15 декабря 1811 года РДДС постановило: записать надворного советника С.В. Большого в 3-ю часть дворянской родословной книги и о том дать ему грамоту44. С этого времени доктор фигурировал в списках дворян Пронского уезда и, очевидно, принимал участие в дворянских выборах. Между тем формального утверждения определения РДДС при жизни С.В. Большого так и не последовало. Лишь 24 августа 1845 г. последовал указ из временного присутствия Герольдии об утверждении определений РДДС о внесении в родословную книгу большой группы лиц, начиная с 15.12.1811 (С.В. Большой) по 8.12.1826 г. (в т.ч. жителей Пронского уезда поручика В.П. Захаревского, капитана П.Я. Давыдова, капитана А.Г. Узелкова, капитана Н.Г. Яценко, подполковника К.Я. Черницкого, капитана Д.Н. Сазонова, поручика А.Д. Трусова)45.

Наиболее ощутимый и зримый по сегодняшний день след оставила ктиторская деятельность С.В. Большого. Сын священнослужителя, чувствовавший связь с духовным сословием всю свою жизнь, доктор Большой, как можно видеть из его записок, был глубоко религиозным человеком.
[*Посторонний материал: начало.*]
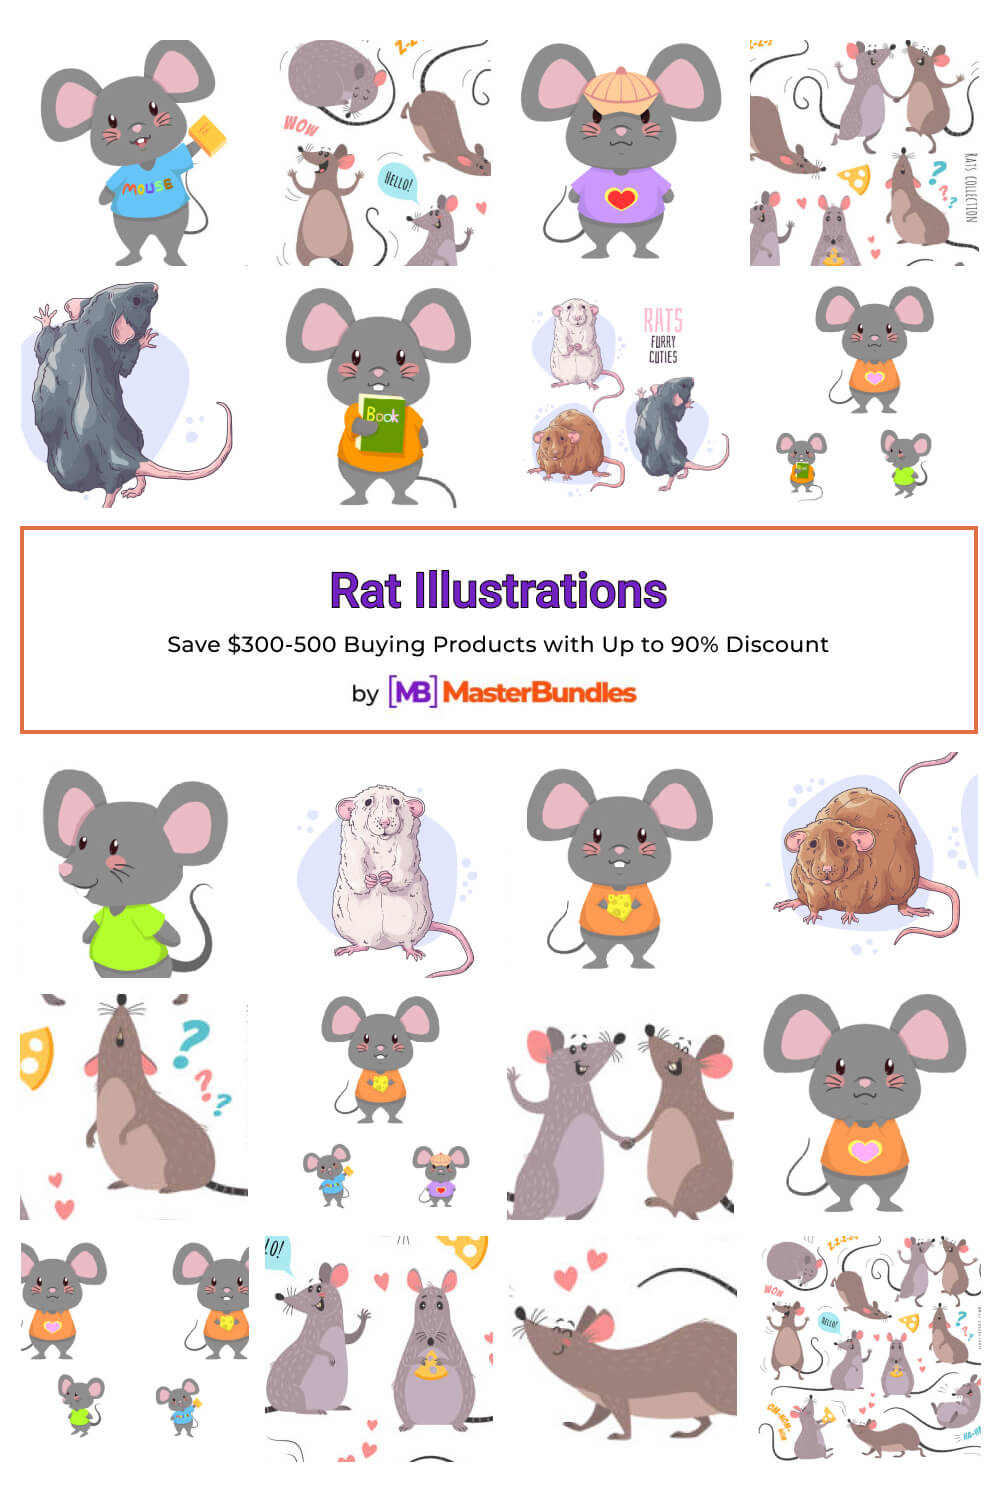 rat illustrations pinterest image.

Не приходится удивляться, что он, будучи человеком состоятельным и бездетным, так много жертвовал на церковь родного прихода и на содержание ее причта. Между прочим, существовавшая при жизни С.В. Большого Никольская церковь, та, в которой служили его отец и брат, где он венчался с А.Т. Потуловой, была построена в 1770 г. отцом последней, Трофимом Андреевичем Потуловым46. Таким образом, ктиторство оказывалось семейной традицией

Согласно утверждению И.В. Добролюбова еще в 1810 г. д-р С.В. Большой завещал 10769 рублей ассигнациями на строительство церкви с. Чернобаева47. Из этого можно было бы заключить, что уже через год после свадьбы Савва Васильевич составил завещание. В этом нет ничего невероятного, однако, клировые ведомости церкви с. Чернобаева, на которые ссылается Добролюбов, свидетельствуют, что пожертвования С.В. Большого осуществлялись в таком порядке.

1 марта 1815 г. С.В. Большой пожертвовал через Рязанский приказ общественного призрения (билет № 117) 4000 руб. ассигнациями на строительство новой церкви в с. Чернобаеве48.

7 августа 1820 г. С.В. Большим пожертвовано через Приказ общественного призрения (билет приказа № 428) на содержание чернобаевской церкви 500 р. ассигнациями, с которых священно- и церковнослужители получали ежегодные проценты49.

1 июля 1820 г. им же пожертвовано через тот же приказ 700 руб. ассигнациями (билет приказа № 134)50.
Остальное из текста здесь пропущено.